# Tearout



## Parrot (May 28, 2009)

I am working on a segmented bowl.
Part of the bowl is Tulip wood. This is not easy to work because of it's fiber makeup, and my problem is ' Tearout '. I know part of the answer is very sharp tools but it is still a problem.
Anyone with any thoughts ?????

Apart from " Don't use Tulip "


----------



## mike s (Dec 26, 2010)

try putting super glue on the places of tearout and turn it again.


----------



## Itchy Brother (Aug 22, 2008)

Im not sure but would running a different speed help.Also John Lucas is very knowledgeable so you may want to ask him for advice directly.


----------



## john lucas (Sep 18, 2007)

I'm already here. I don't find tulip wood to be that bad to turn. Since it's a segmented piece you may be turning uphill into the grain on that section. Just for giggles take a light cut in the opposite direction and see if it improves. Usually what happens is you get less tearout on that spot but 90 degrees from that spot you get tearout. Sometimes this will be less than the other tearout so you have to decide.
The other thing I find is sharp tools are only part of the process. Not forcing the tools to cut is just as or more important. lighten up on your forward pressure and see if you can feel how the tool cuts. With the right pressure and a sharp tool you should get a pretty good cut. 
You might also try rotating the tool at an angle that gets more of a shear cut. Imagine sharpening a pencil. If you keep the blade perpendicular to the pencil you cut fast but not as clean. If you tilt the blade about 45 degrees you get a cleaner cut. So if you look at the edge of your tool and see how the wood comes across it. If it's coming across the edge at 90 degrees you won't get as clean a cut as if you can change the angle and get the wood coming across the edge at less than 90.


----------



## robert421960 (Dec 9, 2010)

tulip wood are we talking tulip poplar?
doesnt faster speed and less pressure give better cuts with less tearout?
i know the other posters know way more than me so im kinda asking here too


----------



## TexasTimbers (Oct 17, 2006)

robert421960 said:


> tulip wood are we talking tulip poplar? . .

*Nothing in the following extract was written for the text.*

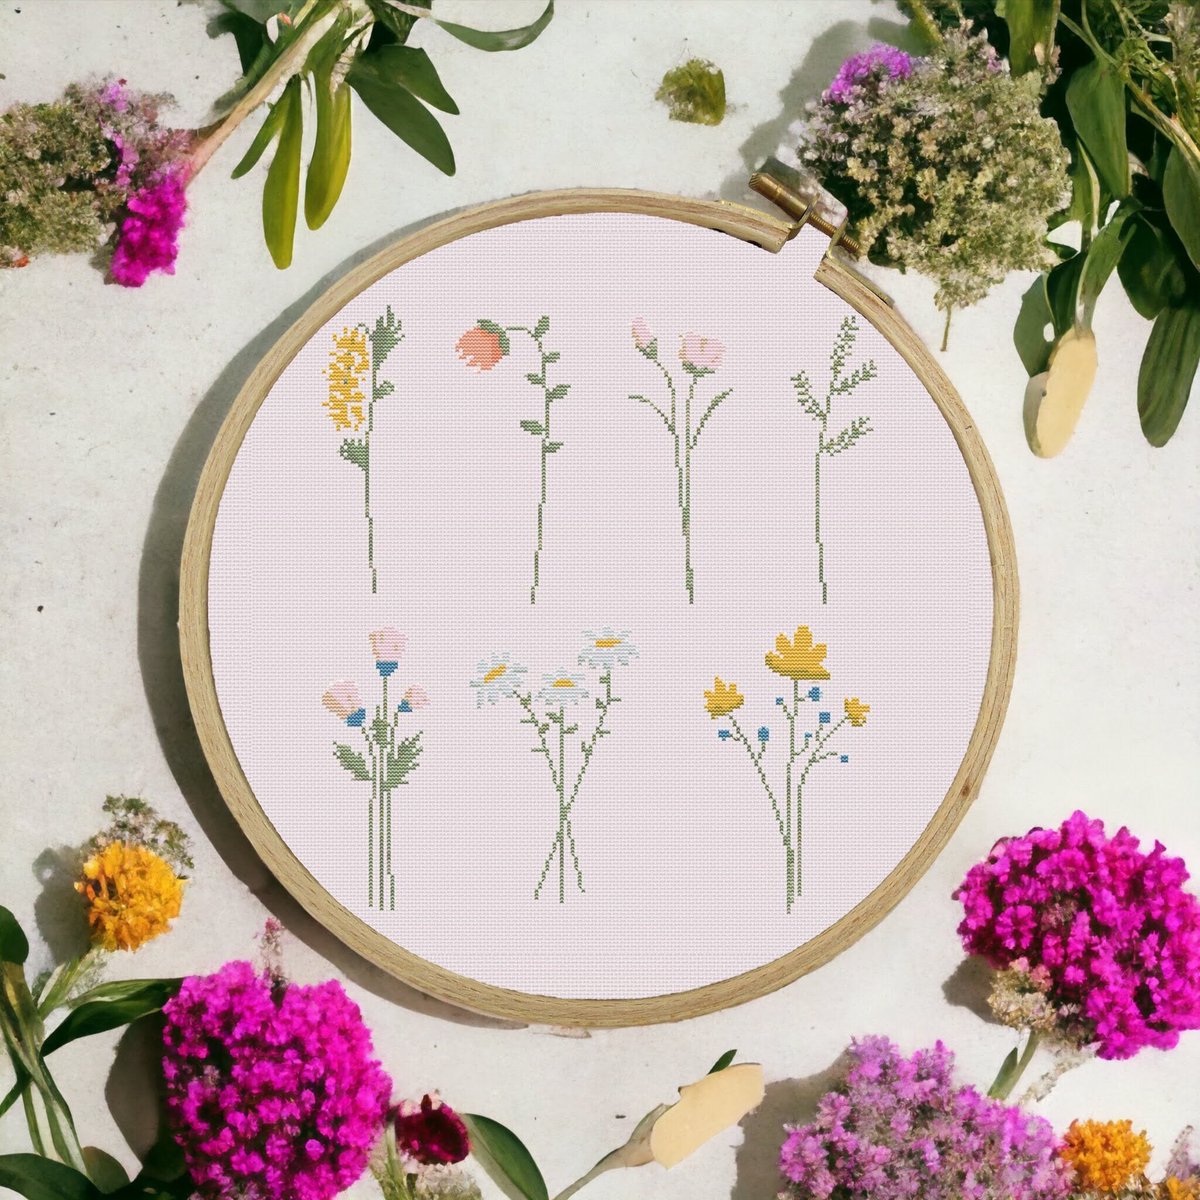 my #etsy shop: 7 Flower Pixel Art Mini Cross Stitch Patterns PDF ONLY - Embroidery Pattern - 200x200 Stitch, Floral, Cottagecore, Nature, Spring, Summer etsy.me/3WGKXNv #housewarming #easter #crossstitch #crossstitchpattern #pdfpattern #embroiderypattern #cross

I think he's referring to tulip wood. It's an exotic that I personally love to turn, and the aroma is like some sort of spice to me. I love the wood and do not consider it prone to much tear out compared to many other woods that come to mind. 










.


----------



## TexasTimbers (Oct 17, 2006)

Robert I had a pic of a bottle stopper I turned from it to show you what the wood looks like. 









Pretty awful picture but best I can do for now.



.


----------



## ACP (Jan 24, 2009)

I just did some tulipwood last night and it turned with the skew to near glass. No tearout. Each piece is different though. Post some pics if you can, that might help. (Plus we love pictures)


----------



## Jason Silva (Jan 16, 2011)

Dont use tulip


----------



## robert421960 (Dec 9, 2010)

yep never had any of that
now i wanna try turning it just to smell it lol
i love nothing more than working in the shop and smelling the wood


----------



## b sco (Nov 8, 2010)

When I'm laying up segments I try to make sure the end grain joint is really good, and use alot of glue.
This prevents a lot of tearout on uphill grain side of joint.


----------



## Parrot (May 28, 2009)

*Tulip tearout*

Thanks guys for the tips. I felt confident that someone could help, having come acros the problems before.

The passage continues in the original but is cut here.